• [Exercise data]

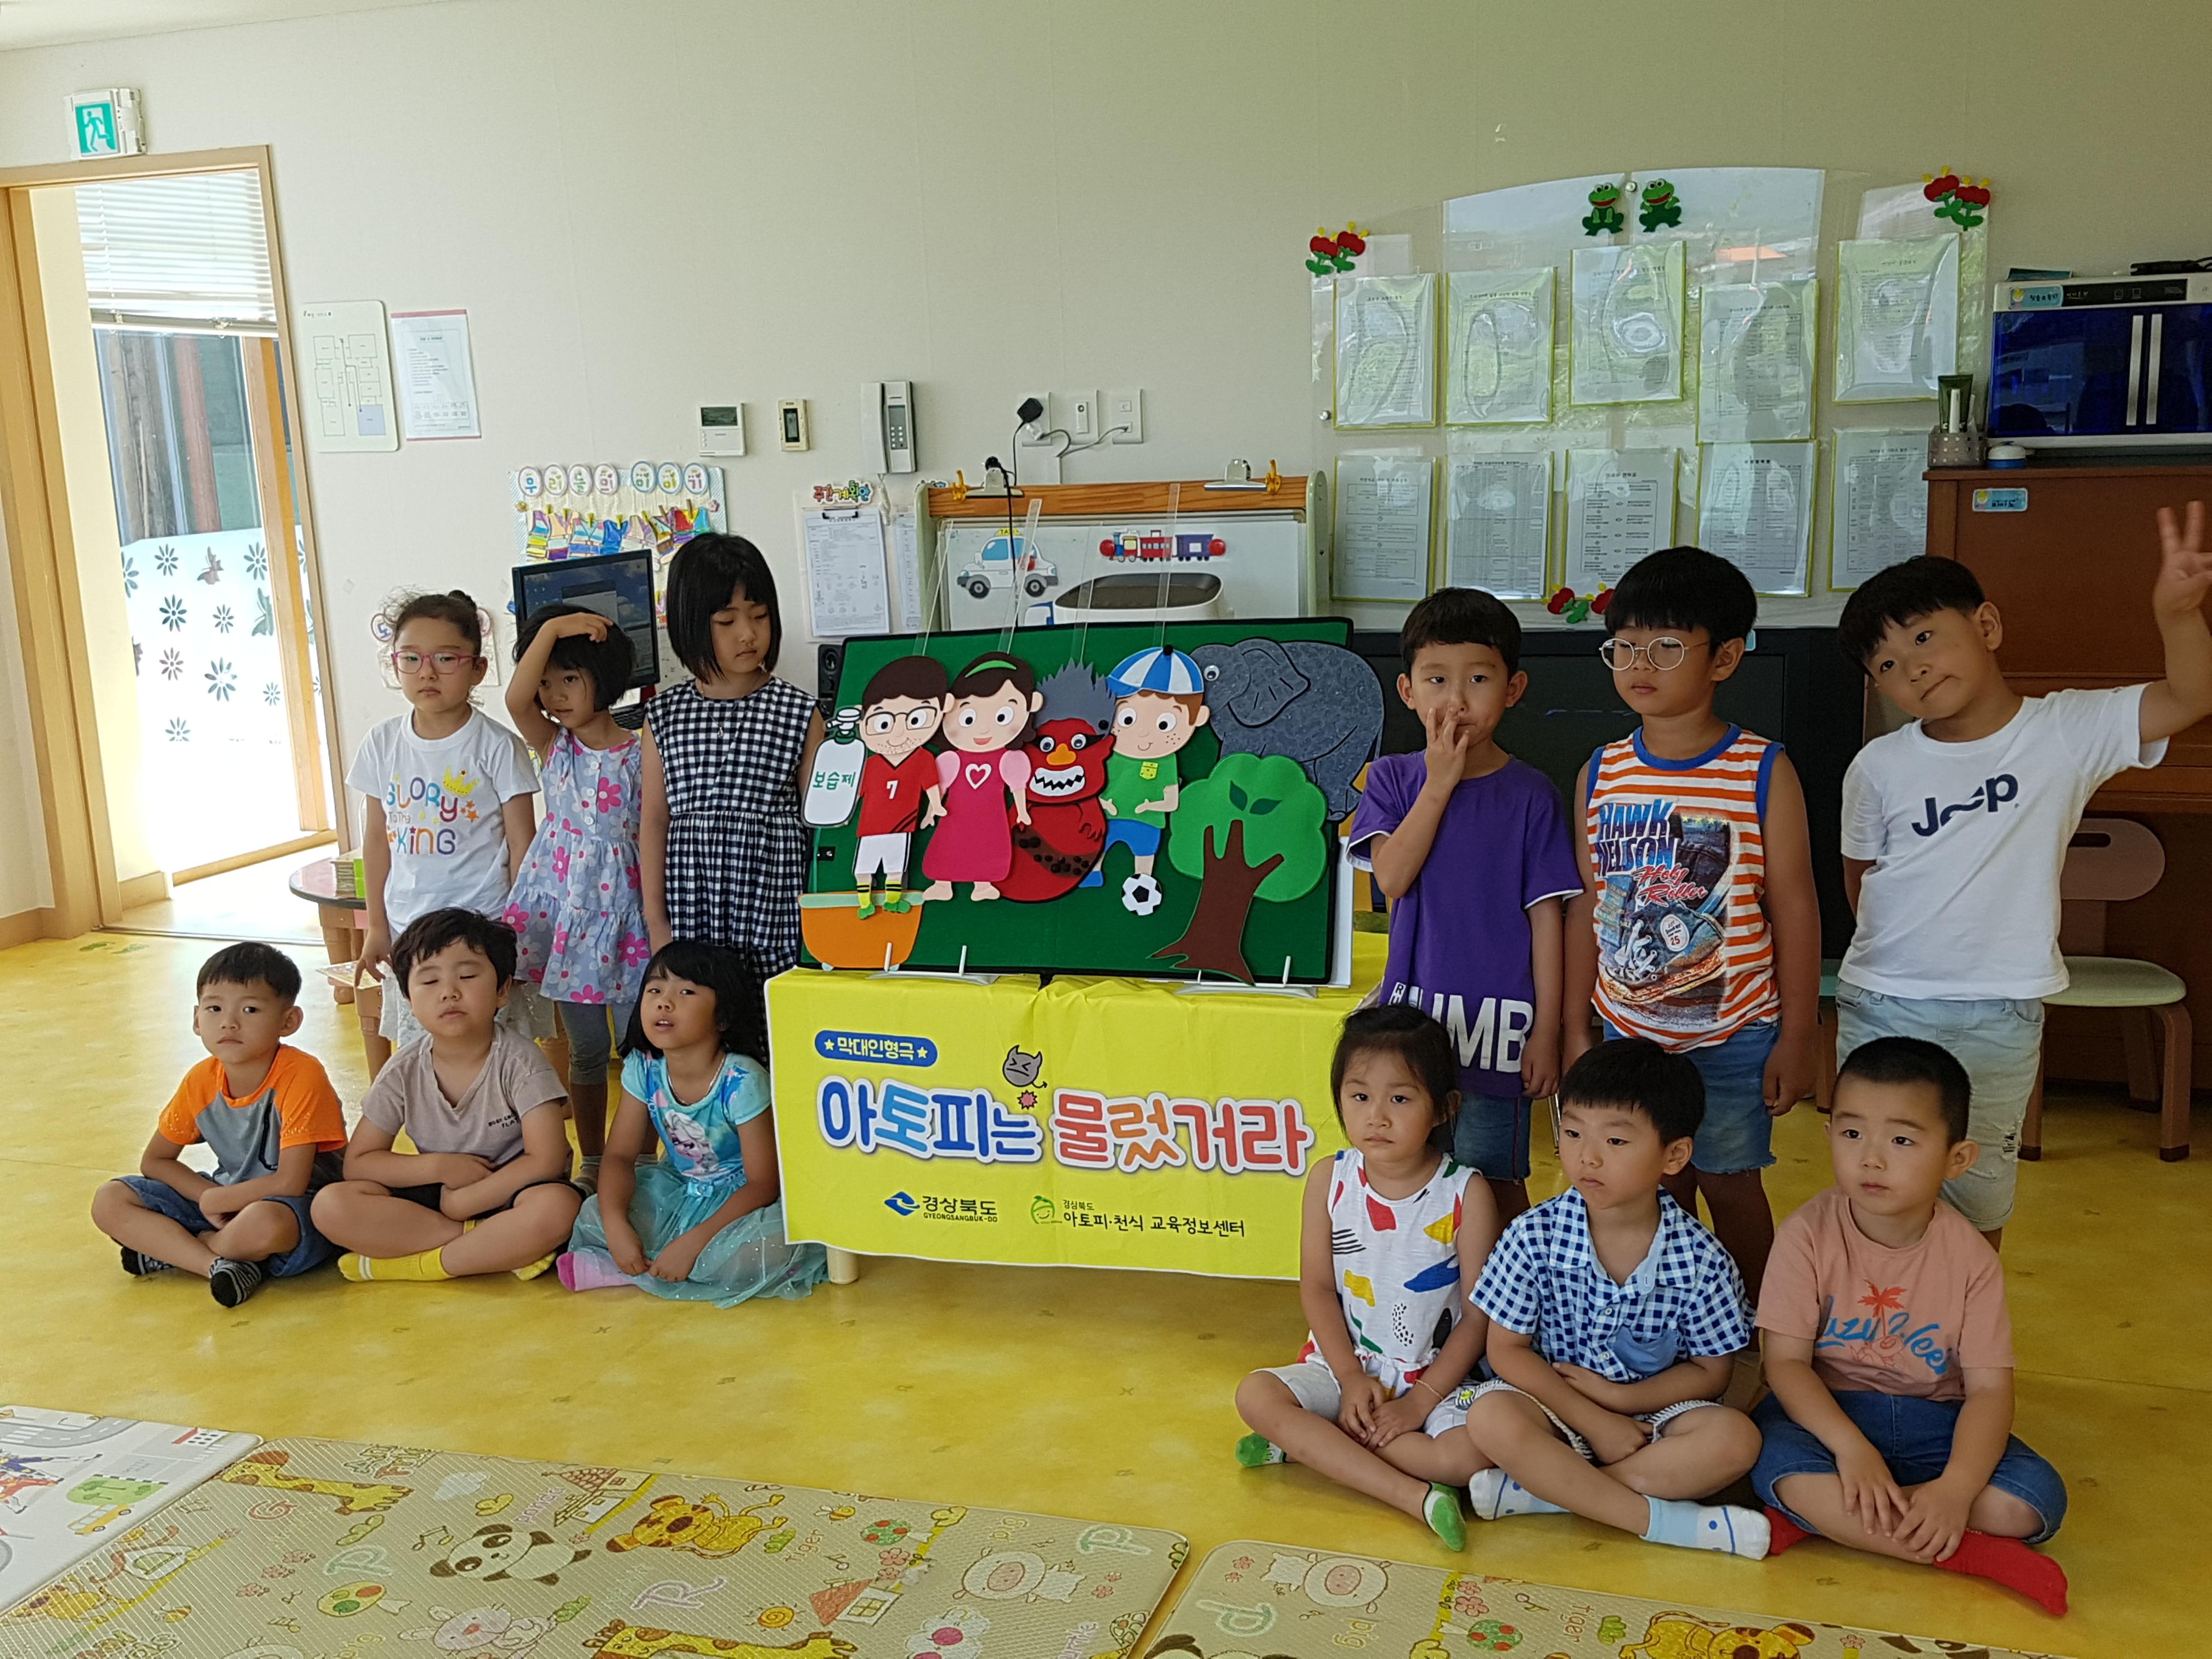 문경시 가은,마성 어린이집 원아대상 교육
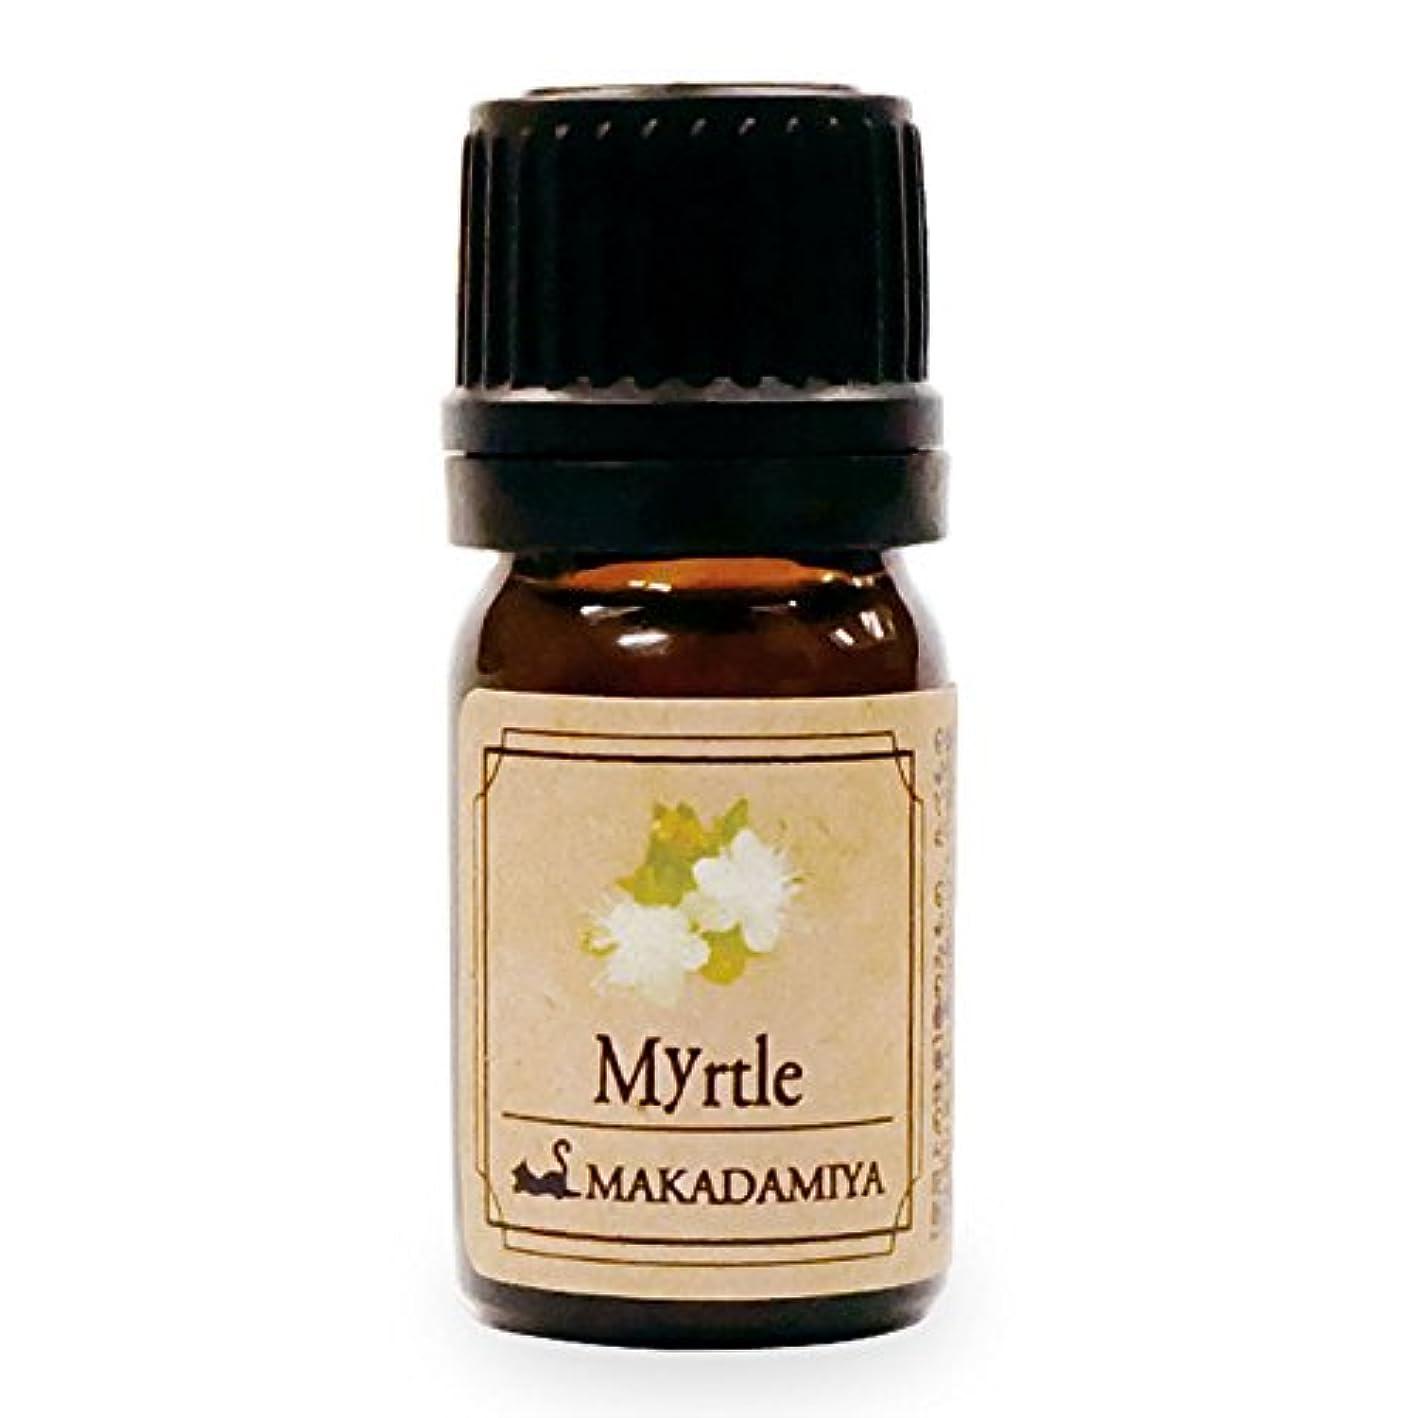 プレフィックス評価可能創傷マートル5ml 天然100%植物性 エッセンシャルオイル(精油) アロマオイル アロママッサージ aroma Myrtle
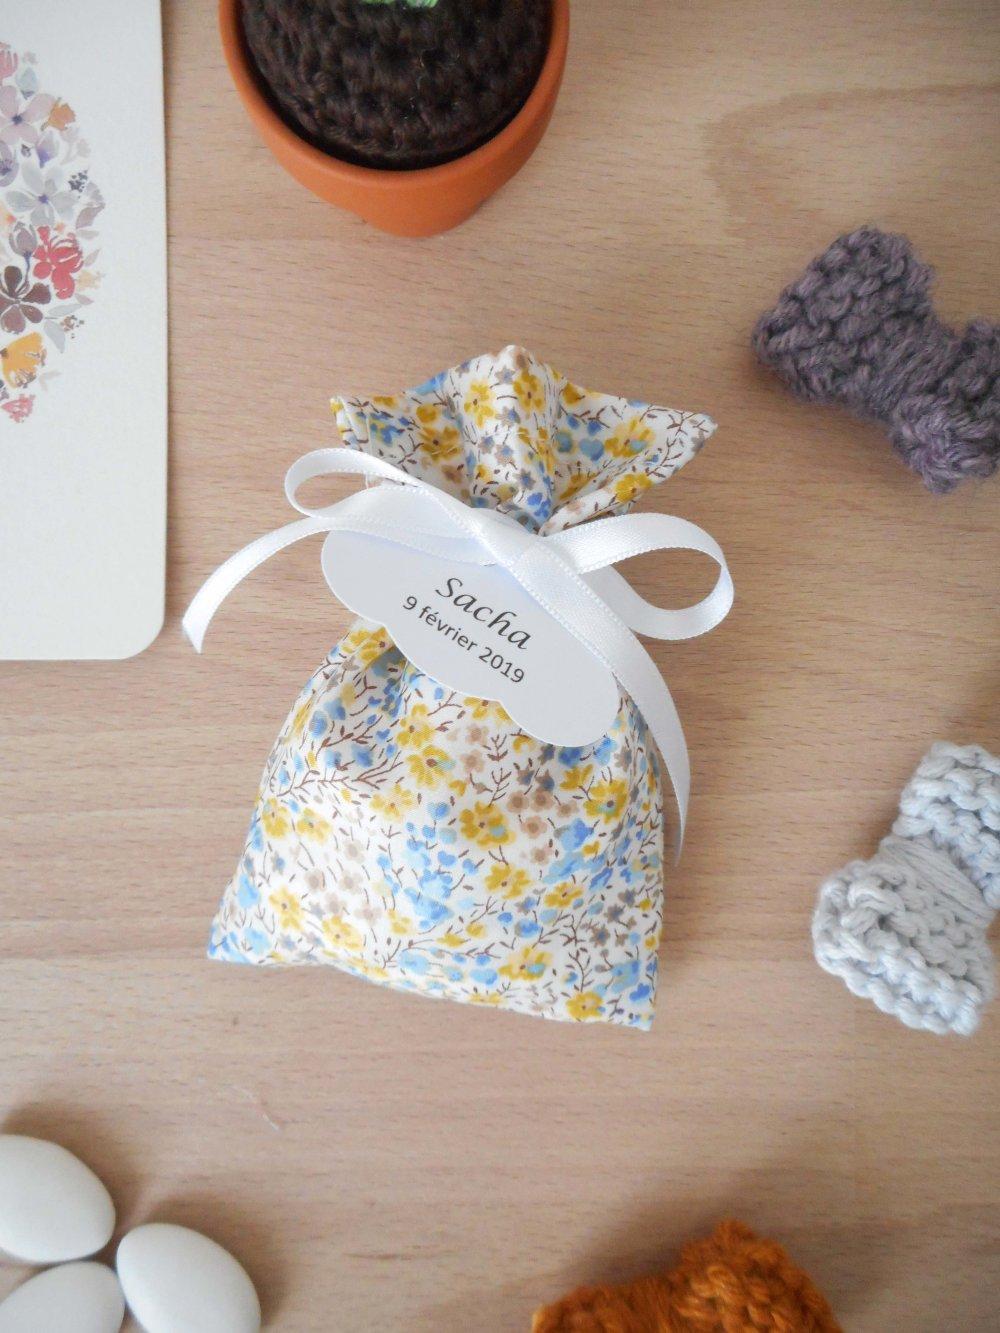 Ballotin à dragées Liberty Phoebe chabika ruban blanc étiquette papier personnalisable

• [Exercise]
Please restate all of the listing above word for word, with no pictures.

• [Answer to the problem]
 문경시 가은,마성 어린이집 원아대상 교육
 プレフィックス評価可能創傷マートル5ml 天然100%植物性 エッセンシャルオイル(精油) アロマオイル アロママッサージ aroma Myrtle
 Ballotin à dragées Liberty Phoebe chabika ruban blanc étiquette papier personnalisable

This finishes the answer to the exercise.